Example of a large/small banner image for your Adobe Connect events
The Events module in Adobe Connect can help you promote your live and on-demand events with a gorgeous microsite that includes information about your event and speaker as well as registering users. It will also handle email invitations and follow-ups with rich HTML-formatted emails.
Setting up an event requires a few images. A Large Banner Image for the microsite, a Small Banner Image for the emails, and an Event Logo for the catalog. Again, Photoshop can help us create these quickly using presets.
Adding whitespace to your event banners can be a challenge, but necessary since you likely need to include the name and date of the event as part of the image. In the webinar recording, I show you how Photoshop’s Content-Aware Scale tool can be used to stretch an image without negatively impacting the subject. It’s an ideal tool for adding extra space in your images.

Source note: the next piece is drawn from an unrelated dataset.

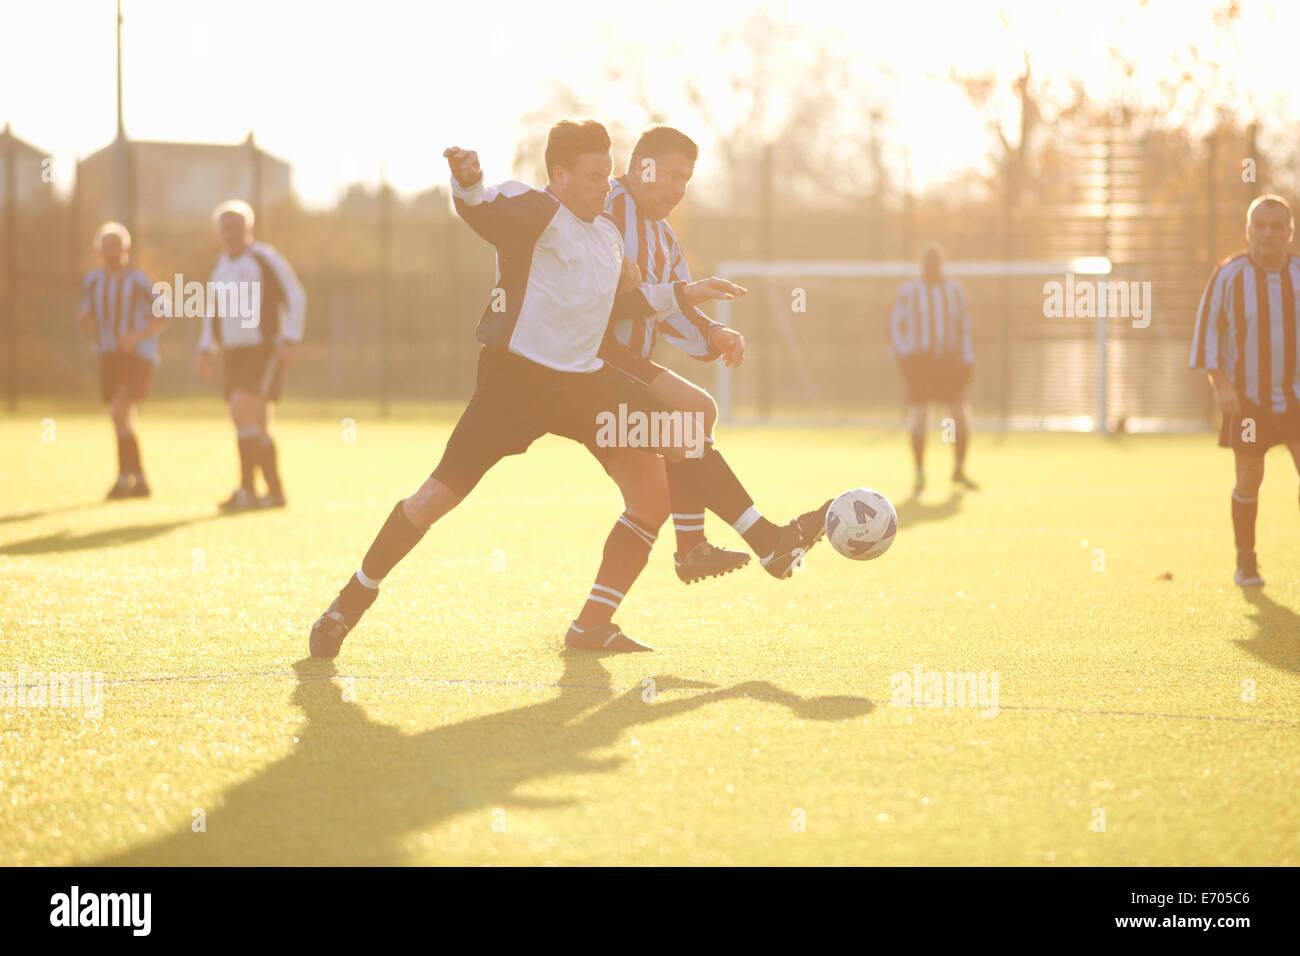 Los jugadores luchan por la pelota de fútbol Foto de stock

Your Small Event Banner will likely be a near duplicate of your Large Event Banner. While you probably know that you can duplicate layers in Photoshop, you may not have realized that layers can be duplicated into other documents. Duplicating a layer from your Large Event Banner to your Small Event Banner makes creating a second image fast and easy.
Many of your virtual sessions will kick off with some housekeeping notes and introductions. A host or facilitator may want to let everyone know the session is being recorded and provide instructions on how they can ask questions and interact.
While this information can certainly be relayed verbally, it’s a good idea to also include a visual aid. A PowerPoint slide would work, but an image will load more quickly and it’s easier to create and size perfectly with Photoshop.
Room Information from image
For this image, the Creative Cloud Libraries feature comes in very handy. You can store common elements such as images, colors, text, and more in your Cloud Library and access them across any of the Creative Cloud applications, including Adobe Photoshop.
In this case, we can leverage the Creative Cloud Library for elements we want to include in our housekeeping section, such as a speaker icon, chat icon, and recording icon. We can simply drag and drop these elements onto our canvas in Photoshop to create a custom image we can use for our session.
I’d encourage you to leverage images in your room often. They provide an easy way to create an experience that impresses an audience and make the speakers look great.